Auf der einen Seite ist da der Sohn Gottes, der immer wieder mit dem, was er sagt, unterstreicht, dass er ein ganz besonderes Verhältnis zum Vater hat. Er sagt, dass er ausspricht, was er vom Vater hört, dass er das Wort des Vaters bewahrt, dass er allezeit das tut, was dem Vater gefällt, dass er den Vater ehrt, dass er den Vater kennt. Alles Formulierungen aus Johannes.
Und auf der anderen Seite stehen Menschen, die, na ja, absolut grundlos das, was Jesus sagt, anzweifeln und dabei nicht einmal ehrlich genug sind, ihr eigenes viel zu enges Verhältnis zur Sünde wahrzunehmen. Und diese beiden Positionen begegnen uns ein Kapitel lang. Das ist einfach irre. Du denkst: Ich hab’s. Und dann noch mal. Und noch mal. Und noch mal.
Wenn ihr das mit euren Freunden durchgeht, könnt ihr wirklich an mancher Stelle sagen: Das hatten wir schon. Jetzt kommt wieder ein anderes Argument. Du kannst es irgendwann nicht mehr hören. Das ist wie wenn du einen Fisch festhalten willst. Immer wenn du denkst, du hast ihn, flutscht er wieder weg. So sind diese Leute. Jesus überführt sie, und sie sind wieder geflutscht. Er nimmt sie ernst, und schon sind sie wieder weggerutscht. Ein Argument, Gegenargument, neues Argument, neues Argument – das ist das ganze Kapitel. Ärgerlich, aber entschuldigt: Das sind wir. Das ist der Mensch, wenn er Gott begegnet.

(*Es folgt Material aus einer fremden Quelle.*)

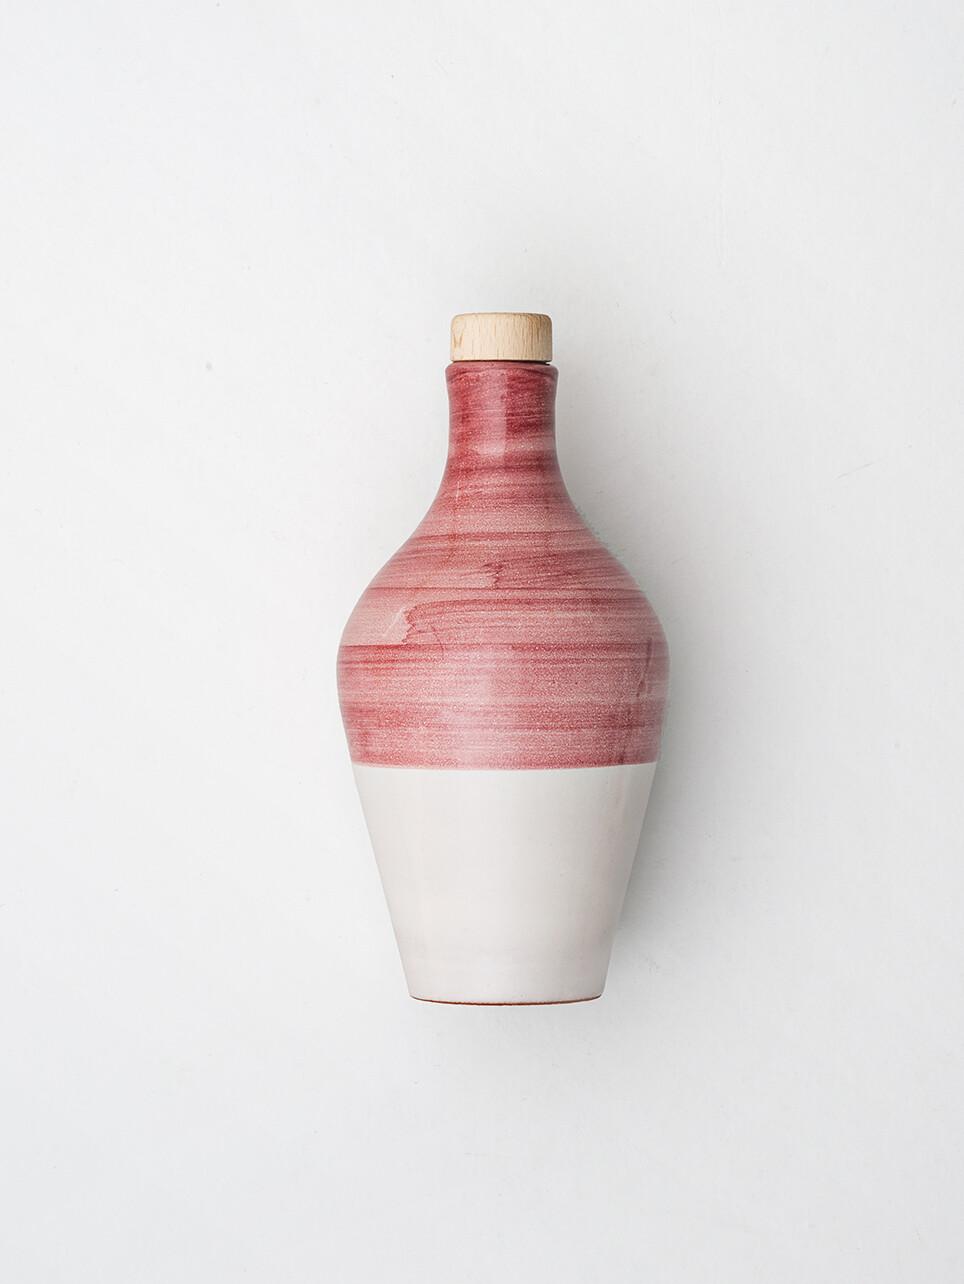 La Fiaschetta Extra Natives Olivenöl,  470ml Keramikkrug in Rot

Johannes 8,31-33Jesus sprach nun zu den Juden, die ihm geglaubt hatten: Wenn ihr in meinem Wort bleibt, so seid ihr wahrhaft meine Jünger; und ihr werdet die Wahrheit erkennen, und die Wahrheit wird euch freimachen. Sie antworteten ihm: Wir sind Abrahams Nachkommenschaft und sind nie jemandes Sklaven gewesen. Wie sagst du: Ihr sollt frei werden?
Na ja, wir haben es also wieder einmal mit Leuten zu tun, die denken: Bei uns ist alles in Ordnung, wir glauben doch, wunderbar. Und wir merken sofort, dass dieser Glaube nicht echt sein kann. Warum? Weil ein Jünger jemand ist, der auf Gott hört. Hörst du nicht auf Gott, bist du kein Jünger.
Jünger ist ja so etwas wie ein Azubi, okay? Das versteht jeder. Du hast einen Handwerksbetrieb und einen Azubi. Und wenn dein Chef zum Azubi sagt: Weißt du was, du nimmst jetzt mal die Platte und schneidest sie zu, und er sagt: Nö, dann kann er das vielleicht dreimal sagen. Aber irgendwann braucht er es nicht mehr zu sagen, weil der Azubi seine Schlüssel abgibt und seine Arbeitskleidung und seinen Job verliert. Der ist dann kein Azubi mehr.
Wenn ich ein Azubi bin, ein Jünger bin, dann höre ich, was der Meister sagt. Wenn du ein Jünger Jesu bist, auch. Das ist ganz banal, da brauchen wir eigentlich nicht drüber nachzudenken. Bleibst du nicht in seinem Wort, dann wirst du nicht frei. Jünger sind dazu berufen, frei zu werden. Jünger sind dazu berufen, die Wahrheit zu erkennen. Und Jünger sind dazu berufen, die Wahrheit auszuleben.
Erinnert euch an Johannes 7, oder? Ströme lebendigen Wassers, Ströme lebendigen Wassers, ein erneuertes und verändertes Leben. Das ist das, was einen auszeichnet. Wasser hat, den Heiligen Geist. Und das ist derselbe, der hier als Jünger beschrieben wird, der in seinem Wort bleibt. Wir sollen und wir können – und ich sage mal: Wir müssen – ein Segen sein, oder wir sind nicht echt. Wir sind keine Jünger, und wir sind nicht frei.
Papalapapp. Ja, hier Papalapapp. Ja, wir sind nie jemandes Sklave gewesen. So ein Blödsinn. Jesus, du mit deiner komischen Sünde, Freiheit und Quatsch. Du hast das Problem unseres Lebens überhaupt nicht verstanden. Wir haben Abraham. Was willst du eigentlich? Wir sind nie jemandes Sklaven gewesen.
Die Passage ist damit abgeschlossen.